The distillation overhead is negligible at deployment time: you pay the cost once during training (cloud-side), and the deployed student is just a three-layer MLP with fast, deterministic inference.

Design Principles

From this work, a few principles emerge for deploying AI in latency-critical RAN functions:

1. Dimension for worst-case, not average-case. Latency budgets in real-time systems are hard deadlines. A model that meets the average budget but occasionally exceeds it is unusable. Design for the worst-case execution time on the target platform.

2. Separate learning capacity from deployment capacity. The model that learns and the model that deploys don't need to be the same model. Use distillation to decouple these concerns.

3. Validate on hardware early. End-to-end inference latency on production baseband hardware differs significantly from GPU benchmarks. Profile on the target platform before committing to an architecture.
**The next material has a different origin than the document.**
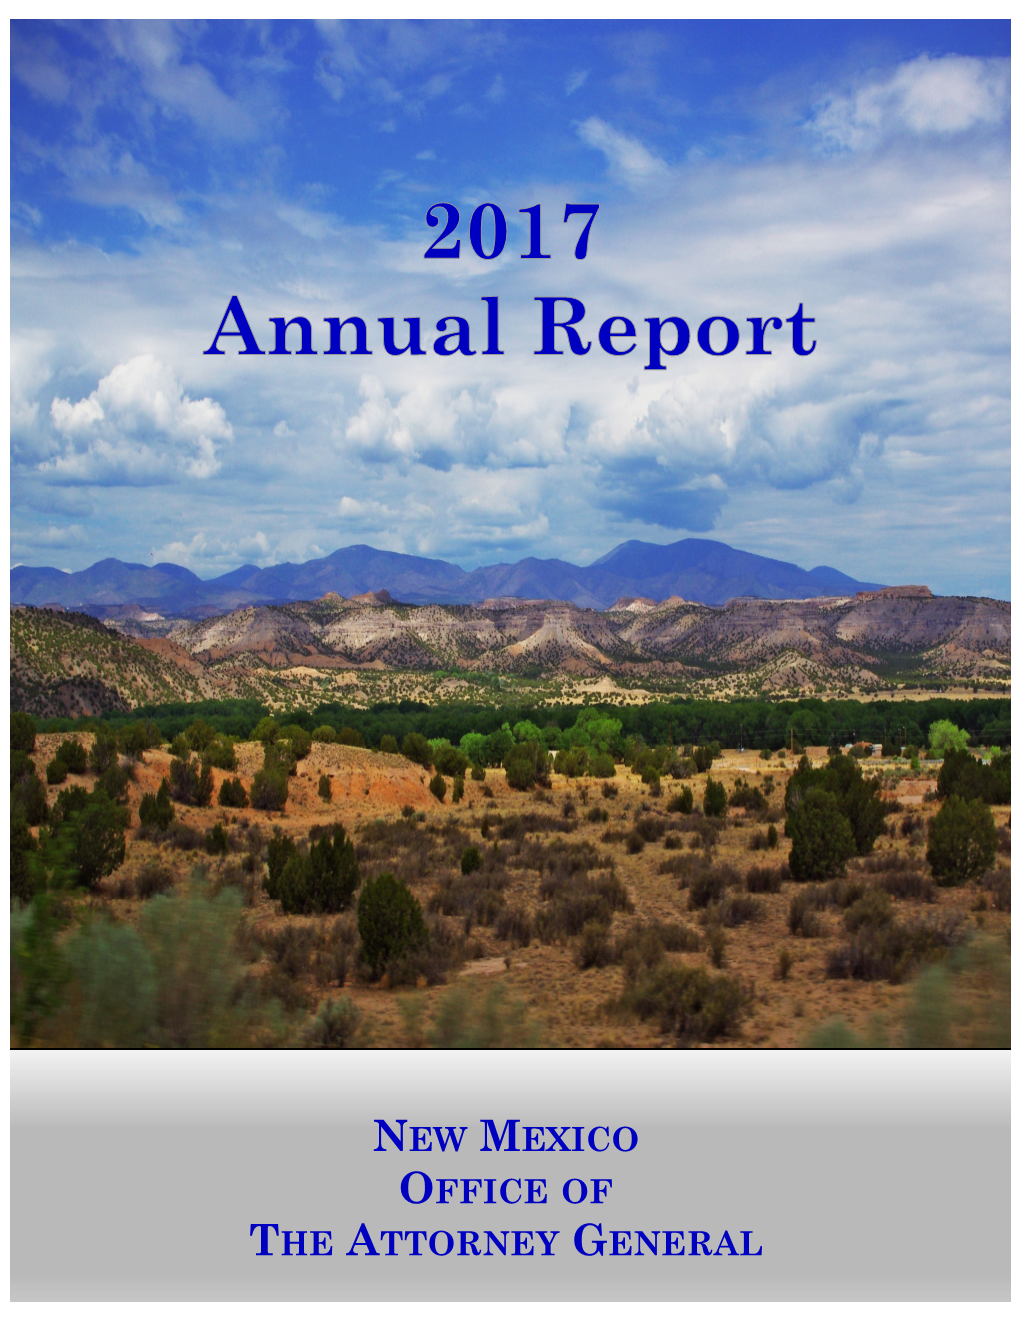 New Mexico Office of the Attorney General Annual Report 2017

4. Integrate constraints into training. Latency-aware distillation outperforms post-hoc compression because it keeps the training distribution aligned with deployment reality throughout the learning process.

Implications Beyond RANs

The constraints we face in RAN AI — microsecond budgets, deterministic execution, limited on-chip memory — are an extreme case of a more general trend. As AI moves from cloud to edge to embedded systems, the gap between "what we can train" and "what we can deploy" will only grow.

Policy distillation isn't just a RAN technique. It's a design pattern for any system where inference must be fast, deterministic, and resource-constrained — from autonomous vehicles to real-time trading to robotic control.

The key insight: feasible deployment depends not on hardware scaling alone, but on principled model dimensioning aligned with worst-case execution timelines and platform characteristics. The era of "just scale the model" doesn't apply when physics sets the clock.


This post is based on our paper When AI Has No Time to Think: Inference Under Extreme Latency and Compute Constraints in RANs, published in Ericsson Technology Review, 2026.